Pisco punch is an alcoholic beverage made famous by Duncan Nicol at the Bank Exchange Saloon at the end of the 19th century, in San Francisco, California. The Bank Exchange Saloon was located on the southeast corner of the intersection of Montgomery and Washington Streets, in the Montgomery Block building, where the Transamerica Pyramid now stands.

==History of Pisco==
Pisco is a late 16th-century brandy made from grapes that are originally from Peru. It was available in San Francisco since the 1830s when it was first brought from Paita, Peru via ship by rawhide and tallow traders trading with California towns. During the California Gold Rush of 1849, brandy was readily available in San Francisco.

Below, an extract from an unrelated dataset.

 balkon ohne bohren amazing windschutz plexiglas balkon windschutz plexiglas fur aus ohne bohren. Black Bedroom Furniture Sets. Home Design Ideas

There are eight approved grape varietals, four considered to be non-aromatic: Quebranta, Negra Criolla, Uvina, and Mollar, while the aromatics are Moscatel, Torontel, Italia, and Albilla. They grow in one of five growing regions in 42 different valleys. Pisco was the first distilled spirit made in the new world. As there were no glass bottles in the 16th century, the brandy was shipped in ceramic (clay) containers sealed with beeswax.

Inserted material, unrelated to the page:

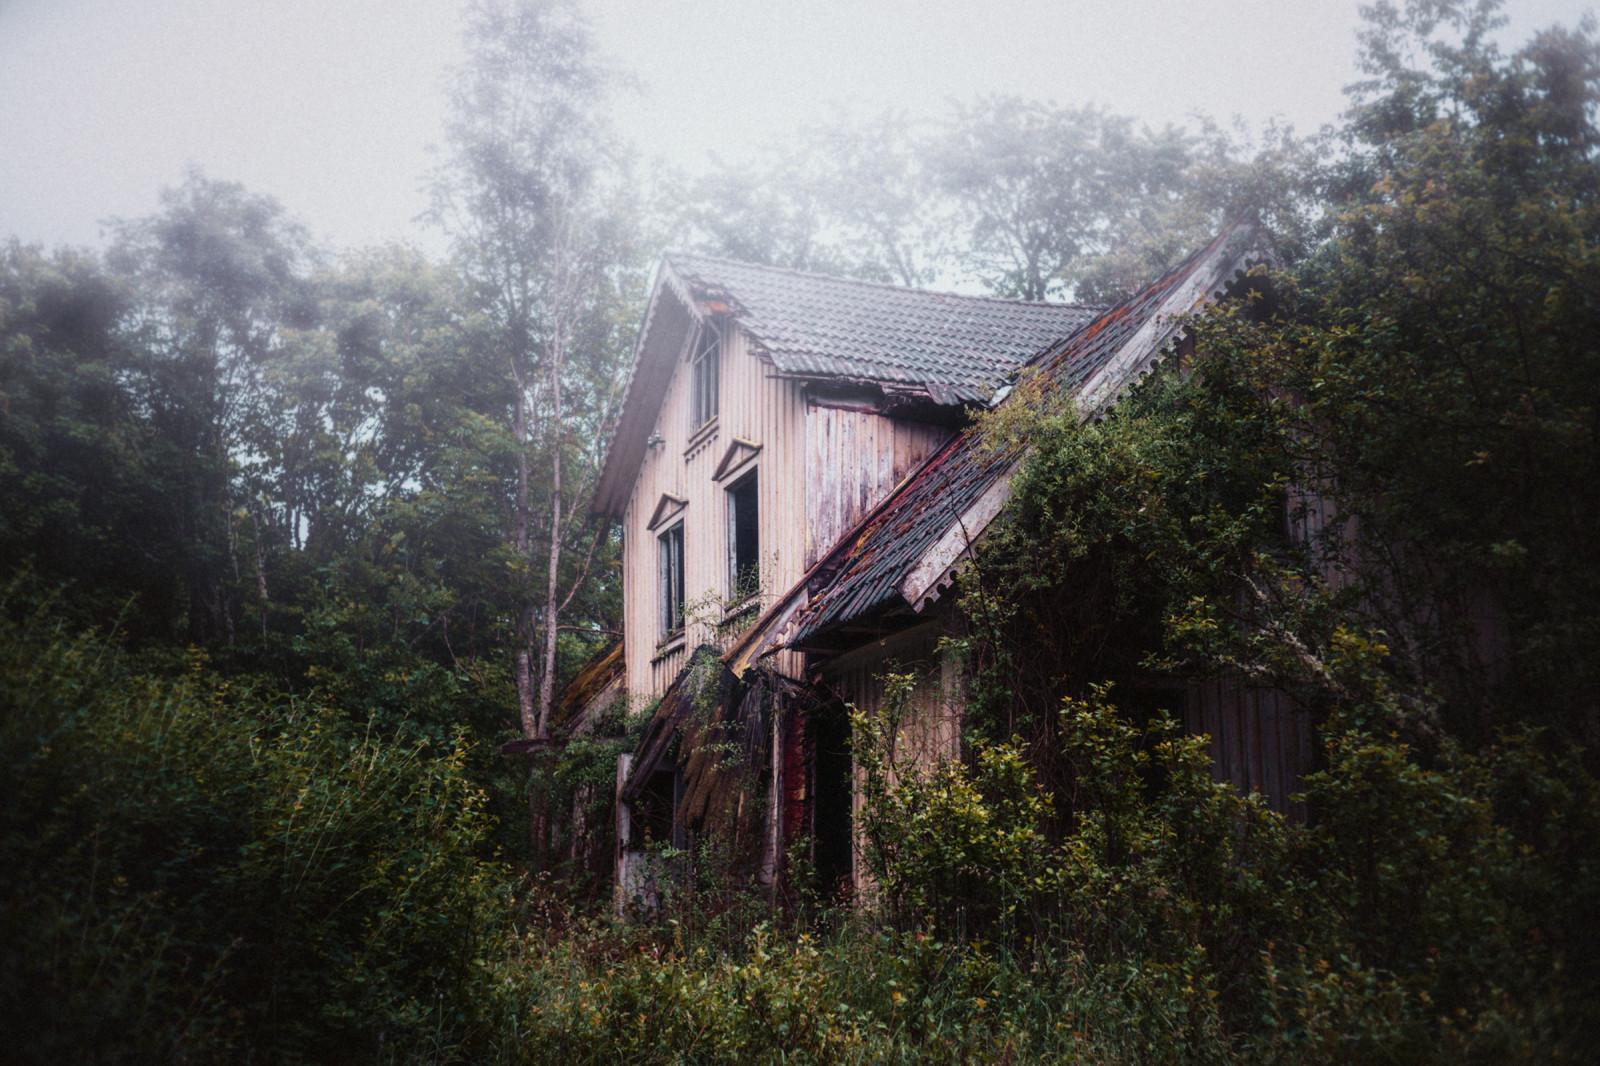 Couturie Forest Dehus_abandoned_abandonedhouse_fog_dimma_skog_forest_woods-848289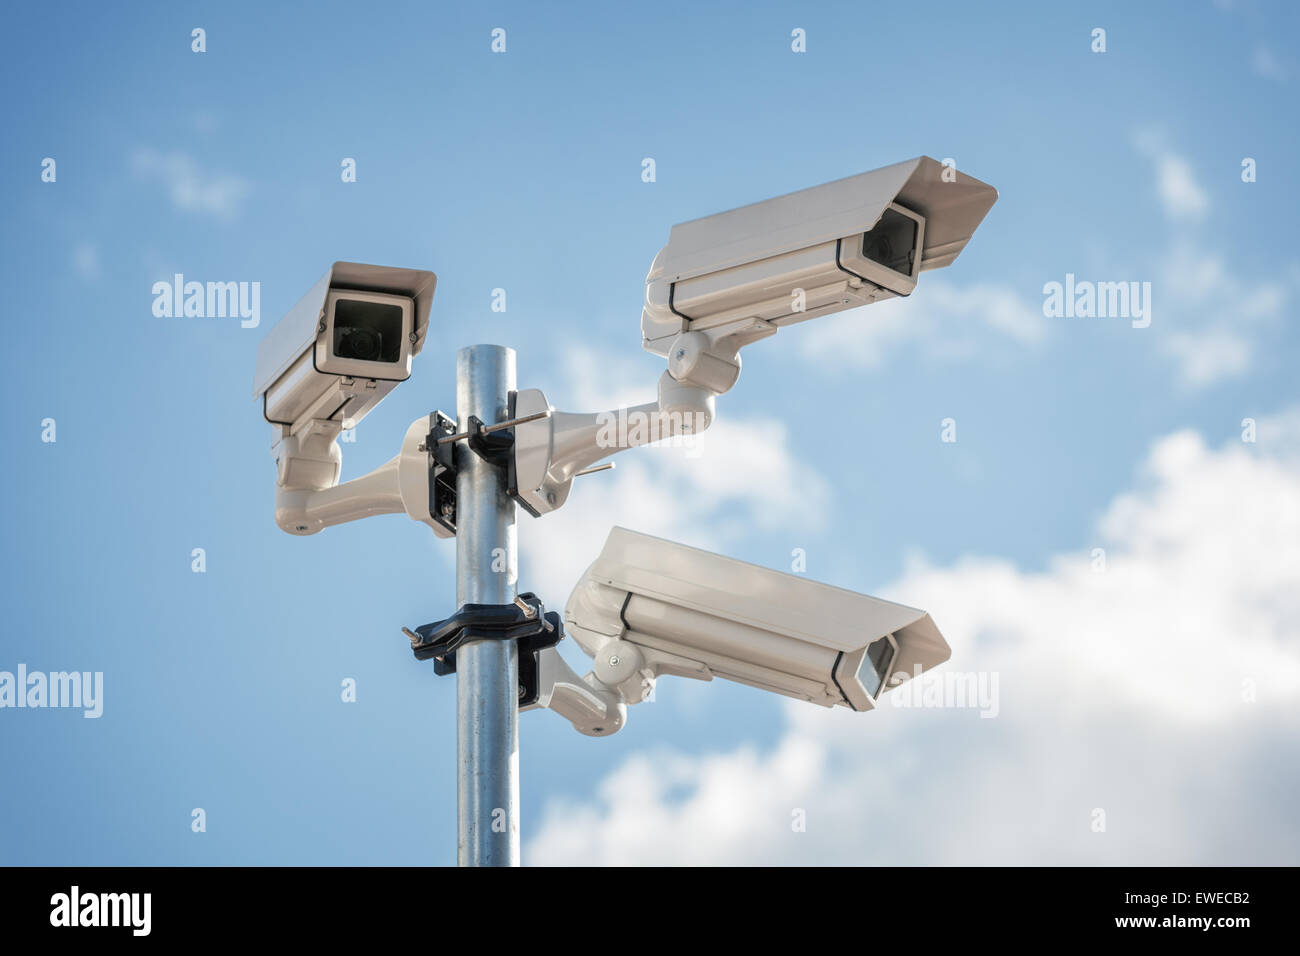 CCTV-Überwachung Überwachungskamera Stockbild

"In 1839, early in the year, the brig, Daniel O'Connell, an English vessel, arrived at Yerba Buena from Payta [sic], Peru, with a cargo of Peruvian and other foreign goods, having on board a considerable quantity of pisco or Italia, a fine delicate liquor manufactured at a place called Pisco.

==History of the drink==
When the Bank Exchange & Billiard Saloon opened its doors in 1853 it served pisco among several other liquors. Several punches were made using pisco at the Bank Exchange over a long succession of owners, ending in 1893 with Duncan Nicol. Nicol was the last owner of the Bank Exchange when it closed its doors permanently in 1919 because of the Volstead Act.

Duncan Nicol invented the pisco punch recipe using pisco brandy, pineapple, lime juice, sugar, gum arabic and distilled water. The punch was so potent that one writer of the day wrote "it tastes like lemonade but comes back with the kick of a roped steer." Others said, "it makes a gnat fight an elephant." Harold Ross, founder of The New Yorker magazine wrote in 1937: "In the old days in San Francisco there was a famous drink called Pisco Punch, made from Pisco, a Peruvian brandy... pisco punch used to taste like lemonade but had a kick like vodka, or worse."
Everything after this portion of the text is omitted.